Mesela, karşınızda sadece tüfeği olan bir askeri kolayca alt edebilirsiniz; ama bilim-kurgu filmlerindeki gibi uçma sistemine varana kadar pek çok donanımı olan ve üzerinde her türlü silahı taşıyan bir askeri yenmeniz elbette kolay olmayacaktır. Bu askerin kullanılmaz hale gelen bir silahını atıp başkasını kullanmaya başlamasını, evrim geçirip başkalaştı diye düşünmek ya saflıktır, ya da insanları saf görüp kandırmaya çalışmaktır. Evrimcilerin yaptığı işte budur.
İşte, faydalı mutasyon, değişme ya da başkalaşma olarak gördükleri ve isimlendirdikleri yeni yapılar, o canlının genetik yapısında var olan ve yeni ortama göre devreye giren yapılardır. Yani bu işler, Cenab-ı Hakk’ın sonsuz ilim, irade ve kudretiyle koyduğu ve çizdiği sınırlar dairesinde cereyan etmektedir.

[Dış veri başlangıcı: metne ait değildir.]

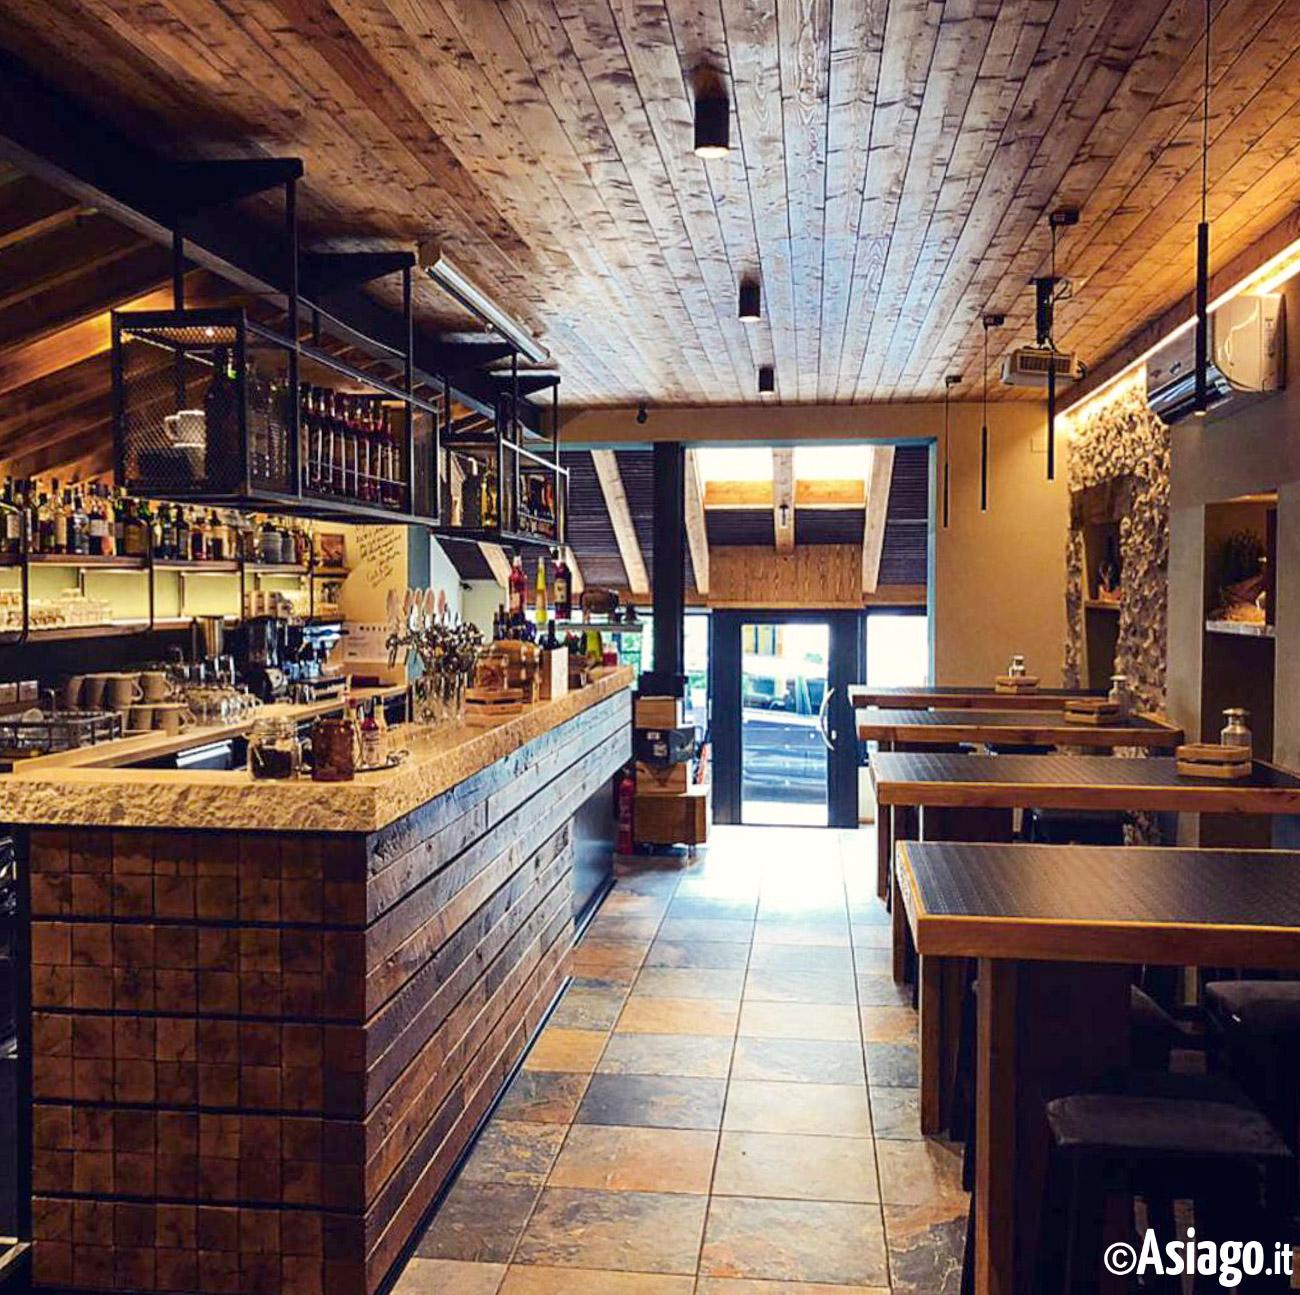 Ristorante Montenapoleone Café Altopiano Di Asiago 7 Comuni

Canlılara uygulanan ve onların farklı yapı ve davranış kazanmasına sebep olan olumsuz çevre şartları, o canlının yetenek sınırını aşacak tarzda olursa, o canlı hayat sahnesinden çekilmektedir. Canlılarda görülen böyle değişiklikler, evrimcilerin iddia ettiği gibi, yeni ve farklı bir canlının başlangıcı ve temeli olmamıştır, ve olması da bilinen bu genetik yapılar düşünüldüğünde mümkün değildir.